GOAL OF THE EXERCISE =
Could every line below be transcribed exactly, with the pictures dropped?

THE DATA =
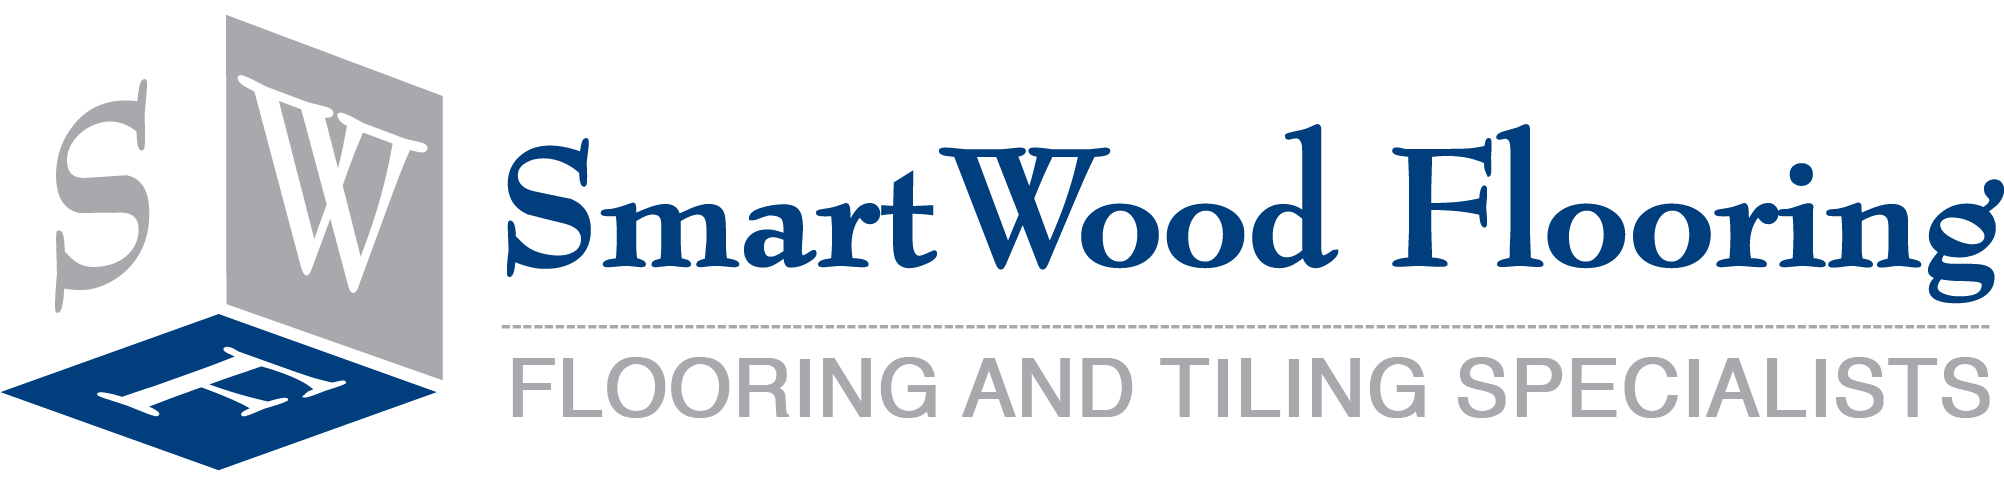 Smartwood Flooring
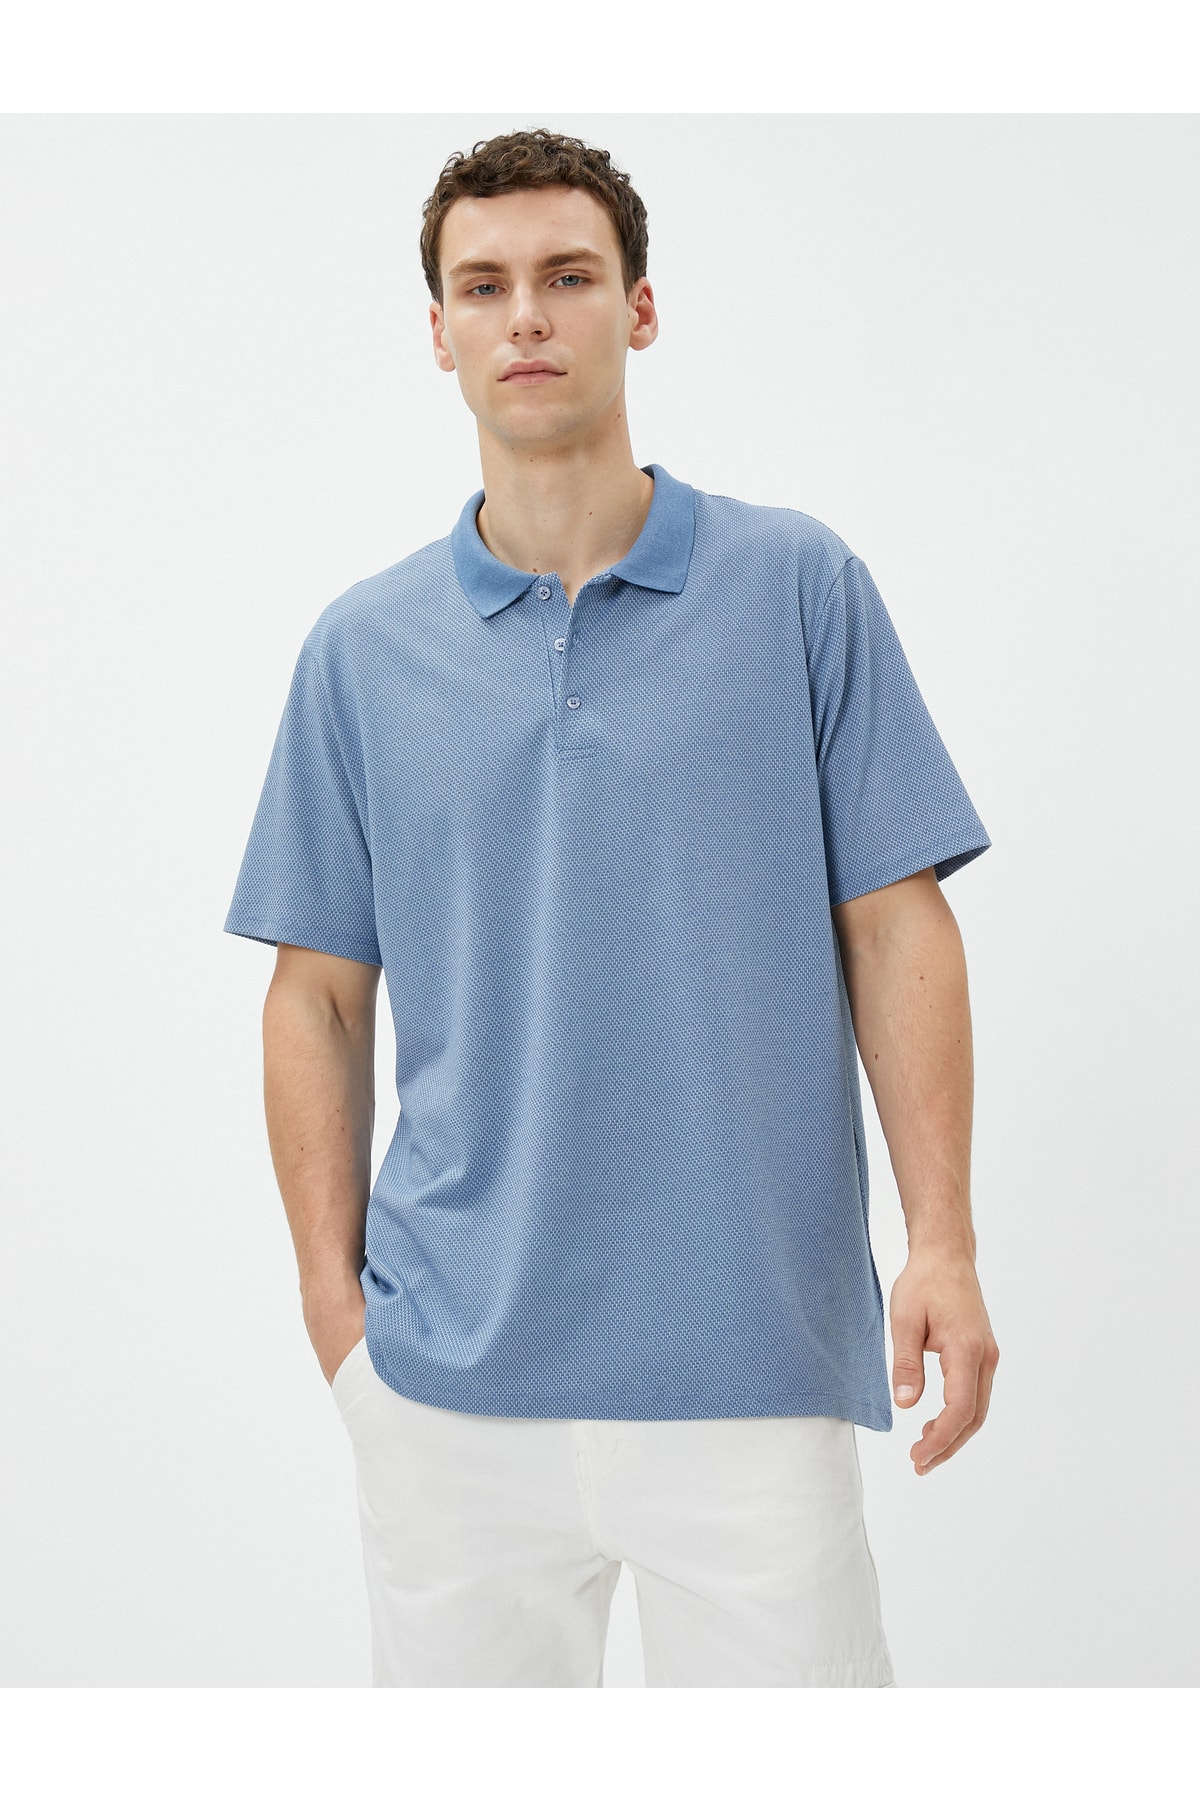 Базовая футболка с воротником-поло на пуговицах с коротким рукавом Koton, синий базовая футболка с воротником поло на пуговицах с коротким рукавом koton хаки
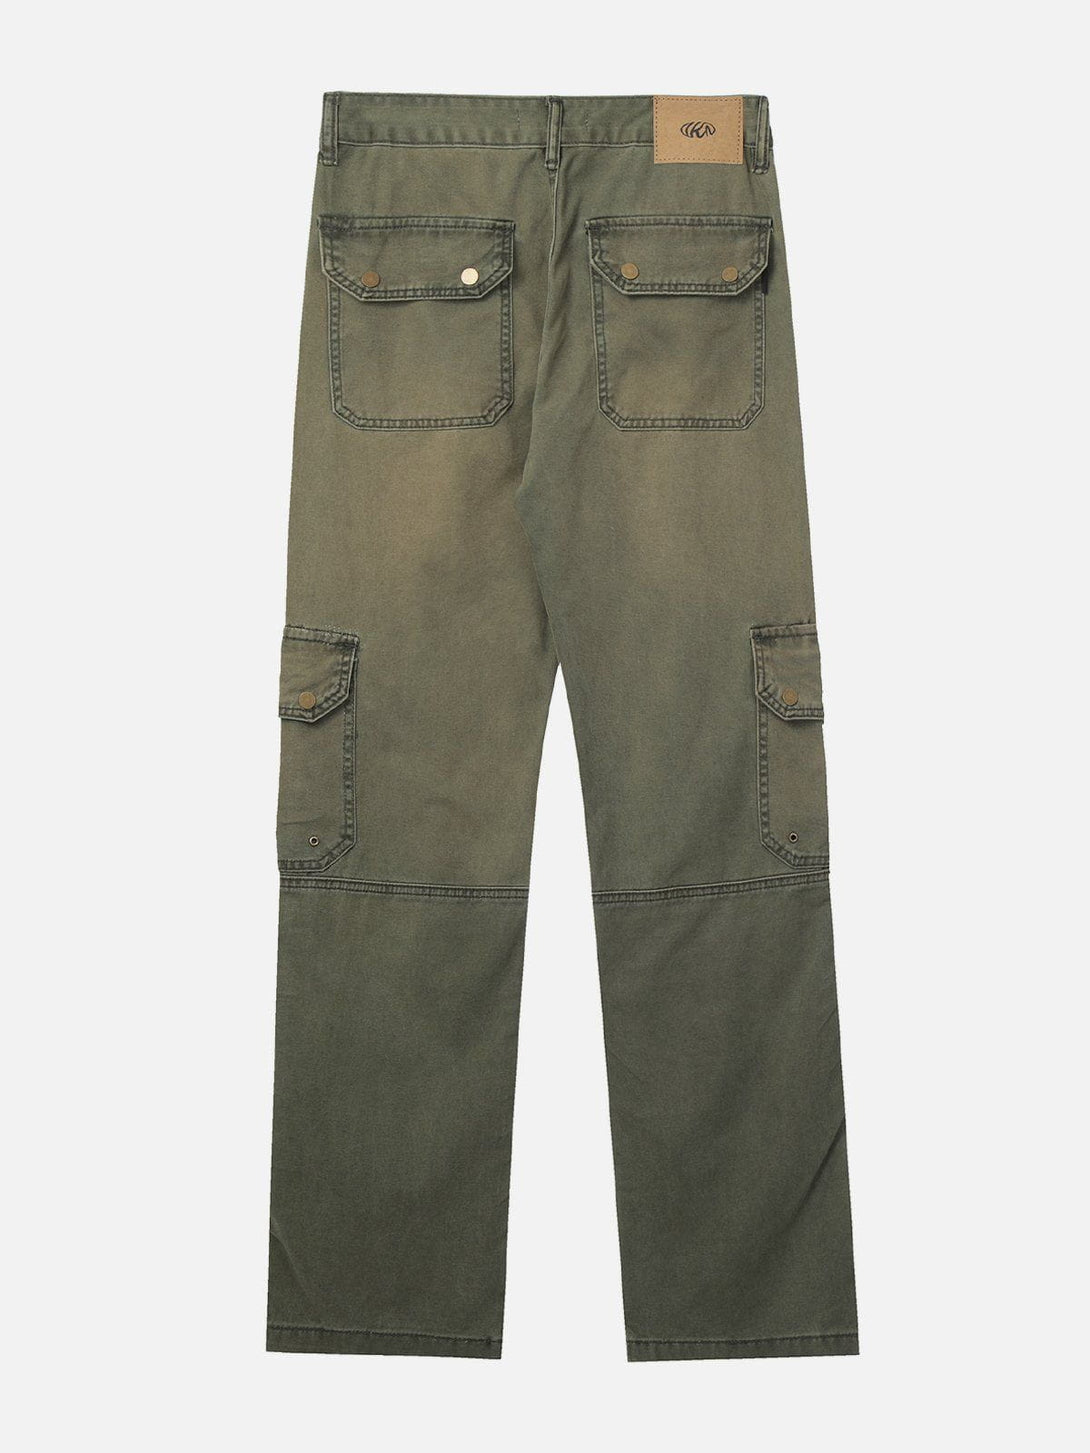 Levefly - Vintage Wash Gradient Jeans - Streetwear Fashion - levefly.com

RESPONSE AREA =
 Smartwood Flooring
 Базовая футболка с воротником-поло на пуговицах с коротким рукавом Koton, синий базовая футболка с воротником поло на пуговицах с коротким рукавом koton хаки
 Levefly - Vintage Wash Gradient Jeans - Streetwear Fashion - levefly.com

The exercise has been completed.